ETFs and Mutual Funds
Another point which we touched on earlier is the difference between ETFs and mutual funds. In many ways, they are the same. One of the key differences lies in how they are traded. ETFs are much closer to stocks in this regard, because they can be freely traded through the day. On the contrary, a mutual fund has its price set at the closing of each trading day. This can make ETFs more flexible in the immediate term, while still preserving their long-term stability as an attractive factor.
Since ETFs are usually tied to a market index, they don’t require as much hands-on management as equivalent mutual funds do. This can be both an advantage and a disadvantage depending on your goals and current situation. If you’re looking for a stable long-term investment instrument, this is another factor that plays in favor of ETFs. On the other hand, if you prefer to have more control on a moment-to-moment basis, you may want to look into other options.

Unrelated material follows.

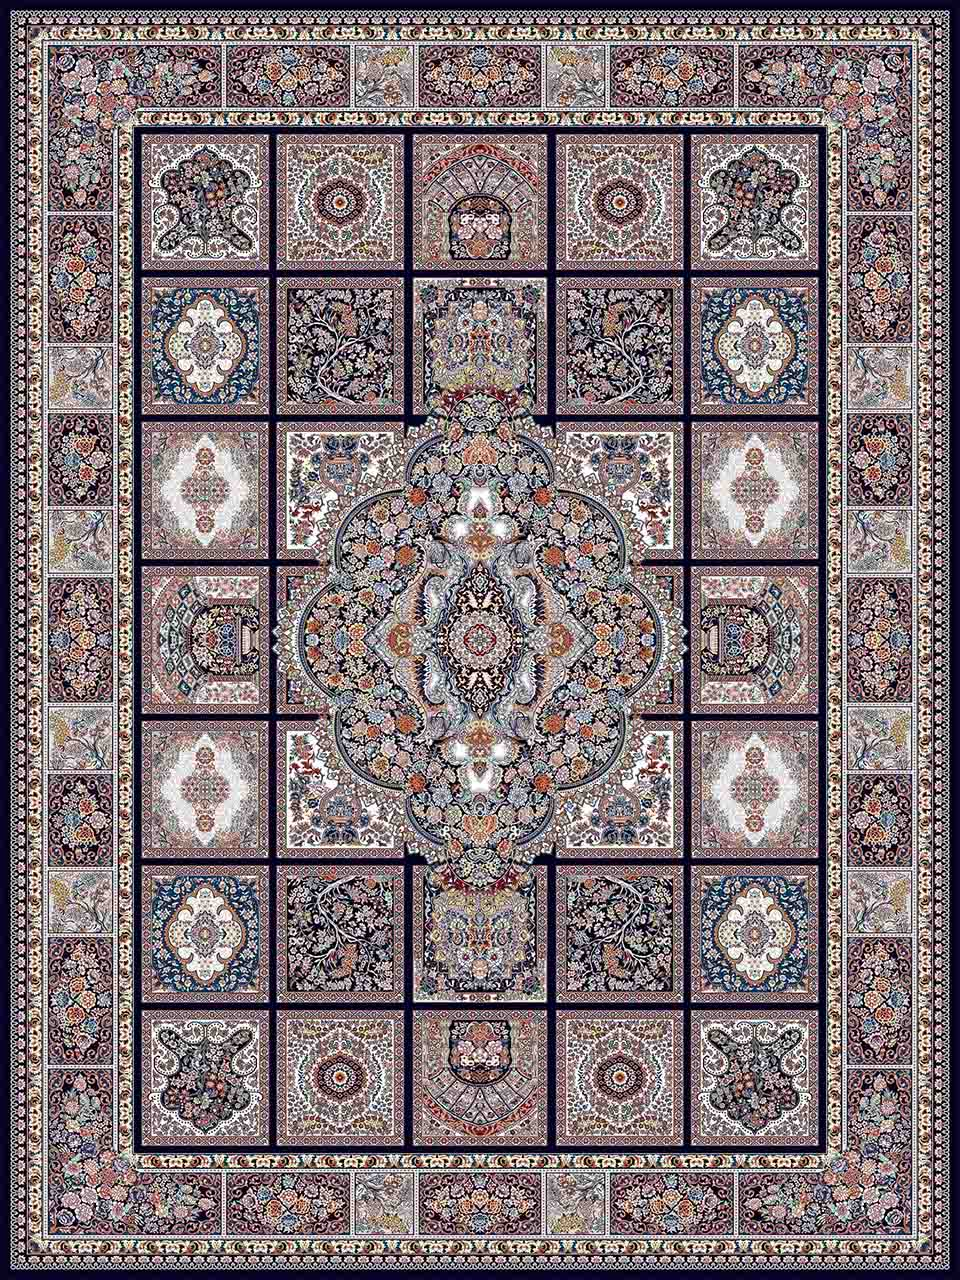 فرش (25040) اکریلیک - 8 رنگ - 700 شانه - سورمه اي - تراکم 2550

Last but not least, ETFs tend to be more affordable, which can be a major attracting factor for a lot of people. As we said earlier, this makes them a great option for beginners without a solid financial foundation. At the same time, they can still be an attractive choice for more experienced traders who want to improve their performance and the overall stability of their portfolio.
How to Minimize Your Risk
Becoming as familiar as possible with the ETFs you’re trading is the best way to minimize your risk and ensure that you’re making the best with your current finances. It’s going to take some time to do this kind of research properly, as we mentioned earlier. That’s why you should not treat ETFs as something that requires a light approach. You will have to put a lot of effort into ensuring that you’re playing your cards right. If you do it properly, though, ETFs can be a good way to improve your portfolio’s diversity while leaning towards more risk-averse investments.
Talking to an experienced advisor is often a good idea if you have serious plans about using ETFs in your operations. You should ensure that you’re seeing the full picture, as there are lots of intricacies when it comes to this market. Patience is going to be key here, so take your time and don’t be afraid to start out a bit more slowly. It’s going to pay off in the long run.
Once you’ve started to really dig into ETFs and what they have to offer, you’re likely going to notice some patterns on the market. It’s important to pay attention to those developments and try to leverage them as best as you can. And of course, try to learn something from the whole ordeal and build up your experience!